• _Instructions for the task_: Repeat the data exactly as given below, dropping every picture.

• _Information provided_:
· · · · · · ·
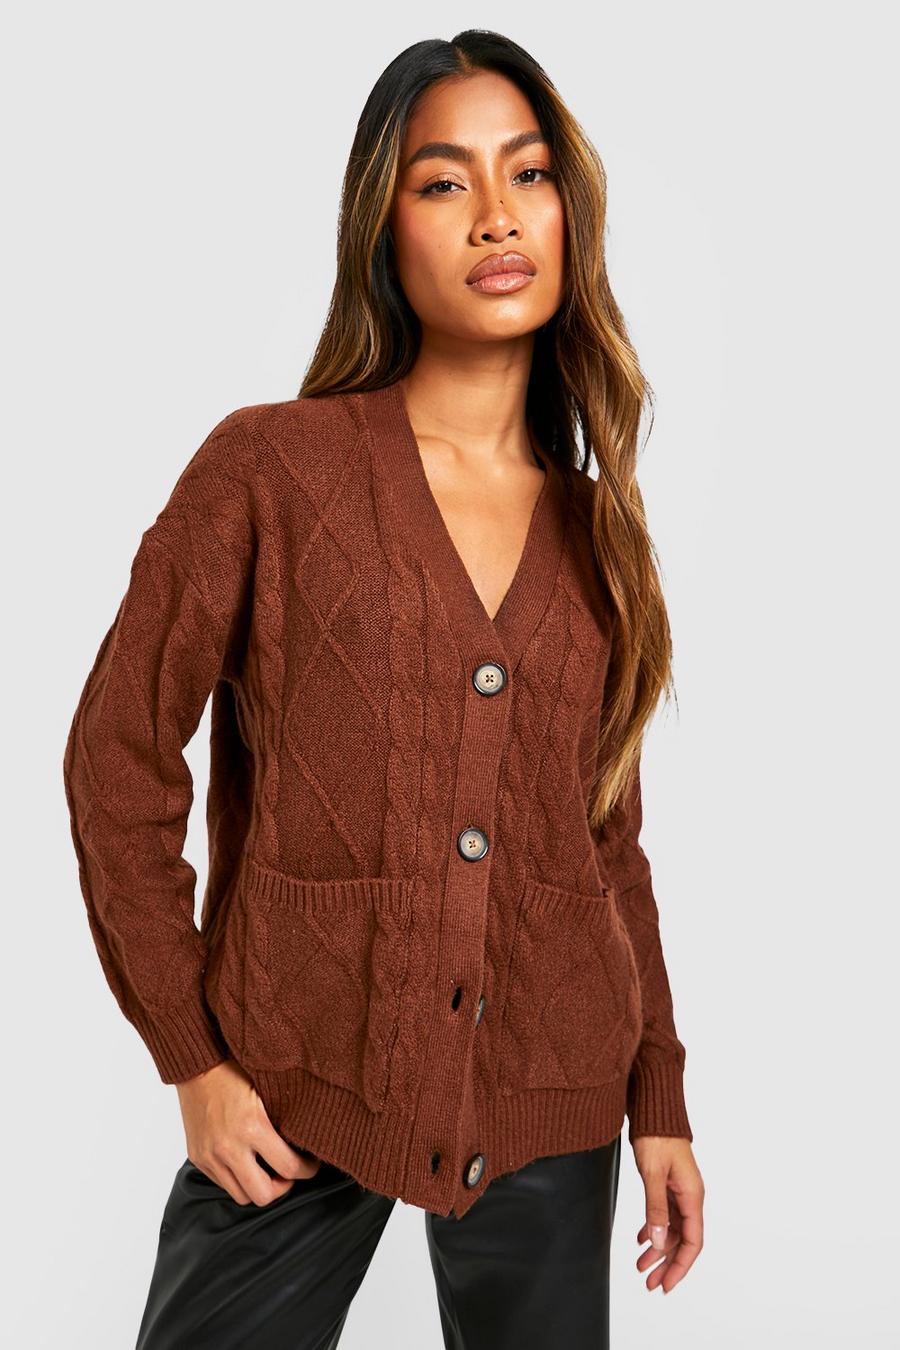 Brown Soft Knit Cable Slouchy Cardigan
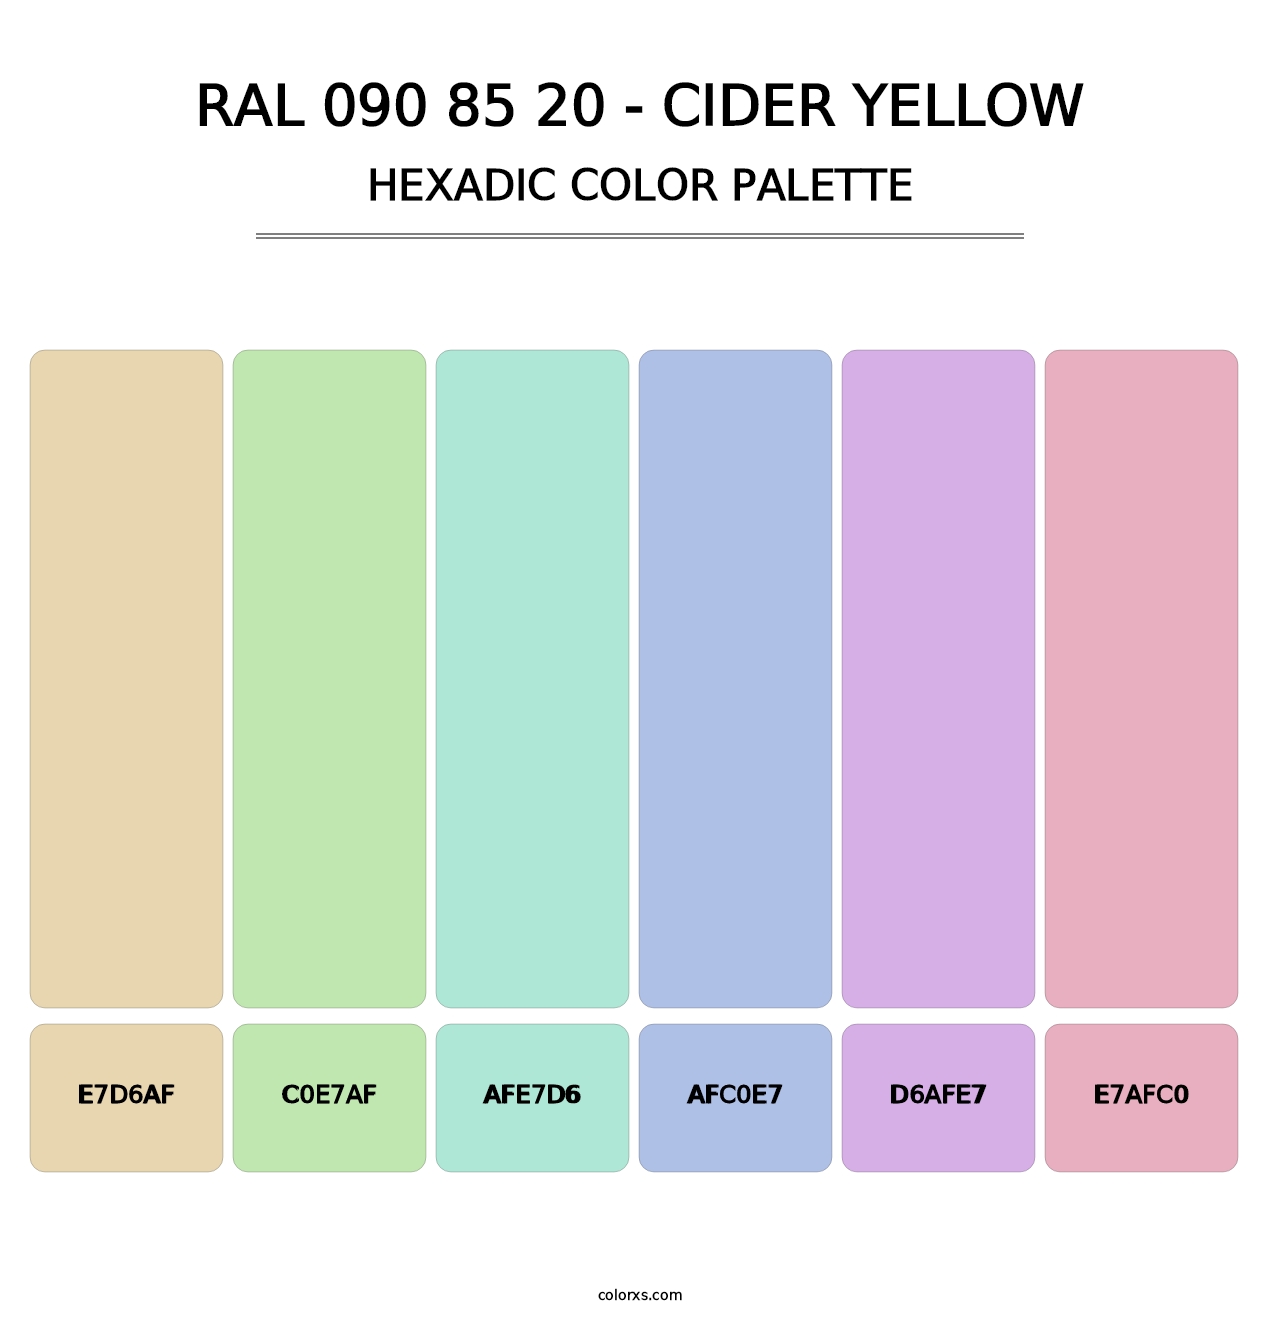 RAL 090 85 20 - Cider Yellow - Hexadic Color Palette
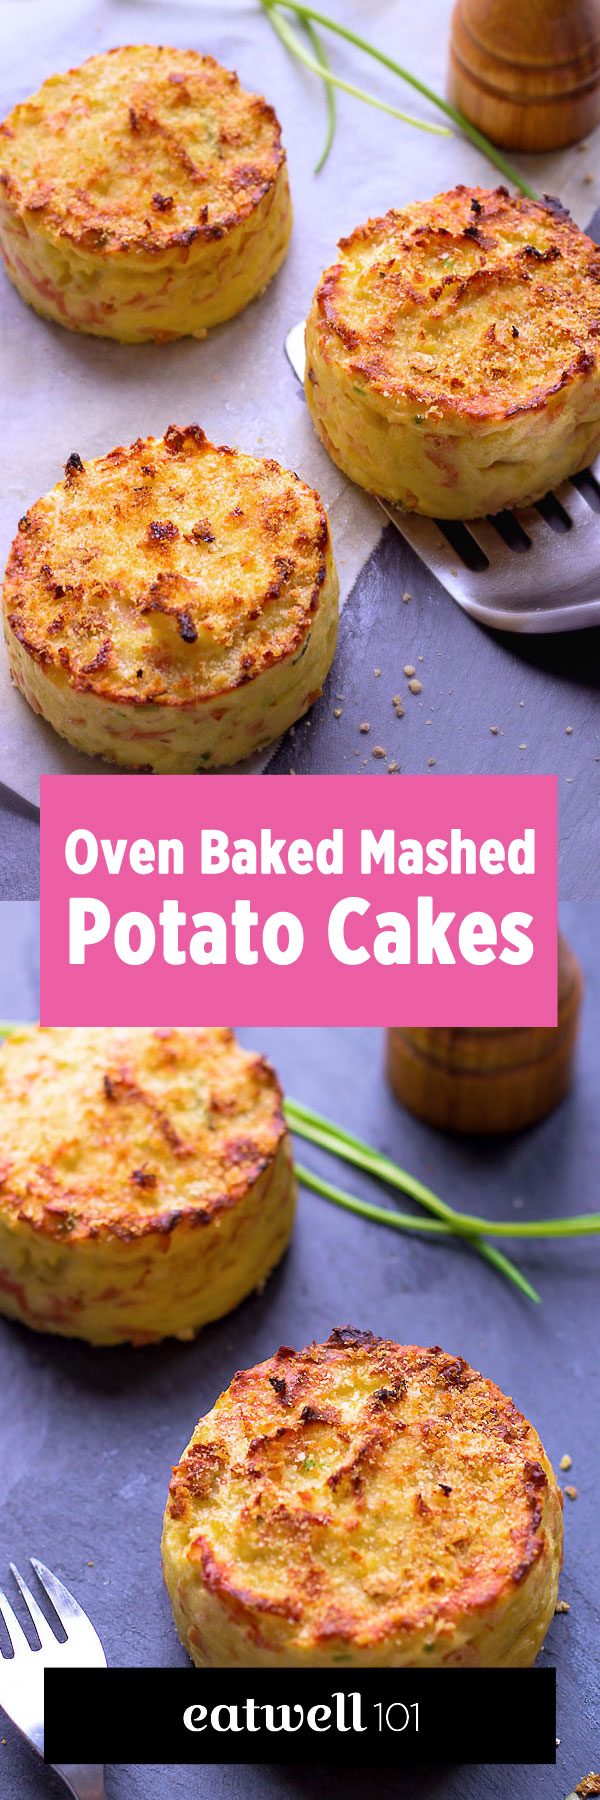 Oven Baked Mashed Potato Cakes - #eatwell101 #recipe #potato #sidedish - The ideal side to accompany holiday dishes: grilled meat, fish, poultry.
· · · · · · ·
• _Exercise result_:
 Brown Soft Knit Cable Slouchy Cardigan
 RAL 090 85 20 - Cider Yellow - Hexadic Color Palette
 Oven Baked Mashed Potato Cakes - #eatwell101 #recipe #potato #sidedish - The ideal side to accompany holiday dishes: grilled meat, fish, poultry.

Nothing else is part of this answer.